The best solution concept explaination


#1
  1. We have all the numbers in a 32-bit format stored internally
  2. Iterate through columns (of bits) of all numbers (using bitwise shifts)
  3. Count number of 1’s and 0’s each (using bitwise AND)
  4. Make pairs, we can have 4 scenarios -> (0,0) , (1,1), (0,1) , (1,0)

We specifically need the last 2 scenarios, which would be -
No. of zeros * No. of ones + No. of ones * No. of zeros
i.e 2XY (X is no. of zeros, Y is no. of ones)

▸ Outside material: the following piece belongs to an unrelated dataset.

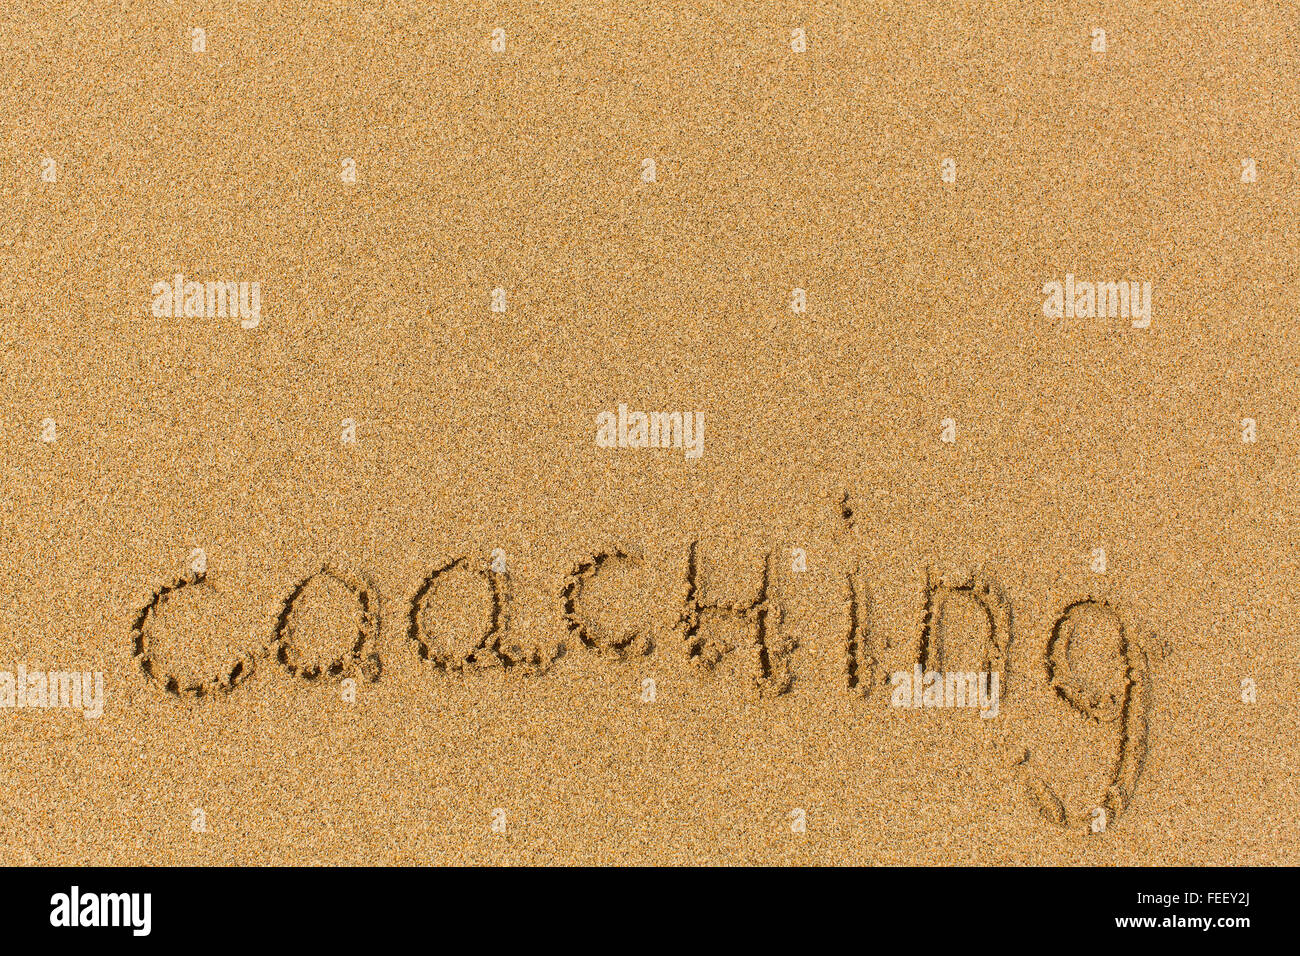 Coaching - parola tracciata sulla spiaggia di sabbia. Sfondo, la consistenza della sabbia. Foto Stock

and voila we have our solution.

The solution uses bitwise shift operator and we do not really need to convert numbers to binary as that’s how they are actually stored in the computer.


#2

C++ [O(m*n), O(1)]; m being max no. of bits possible in a number in the array.

#define lim 1000000007
#define lli long long int
int Solution::hammingDistance(const vector<int> &A) 
{
    lli mx = *max_element(A.begin(), A.end()), res=0, n = A.size();
    for(int k=0; k<log(mx*2)/log(2); k++)
    {
        lli b=0;
        for(int i=0; i<n; i++)
            b = b + (A[i]&(1<<k)? 1 : 0);
        
        res = (res + (2*b*(n-b))%lim )%lim;
    }
    return res;
}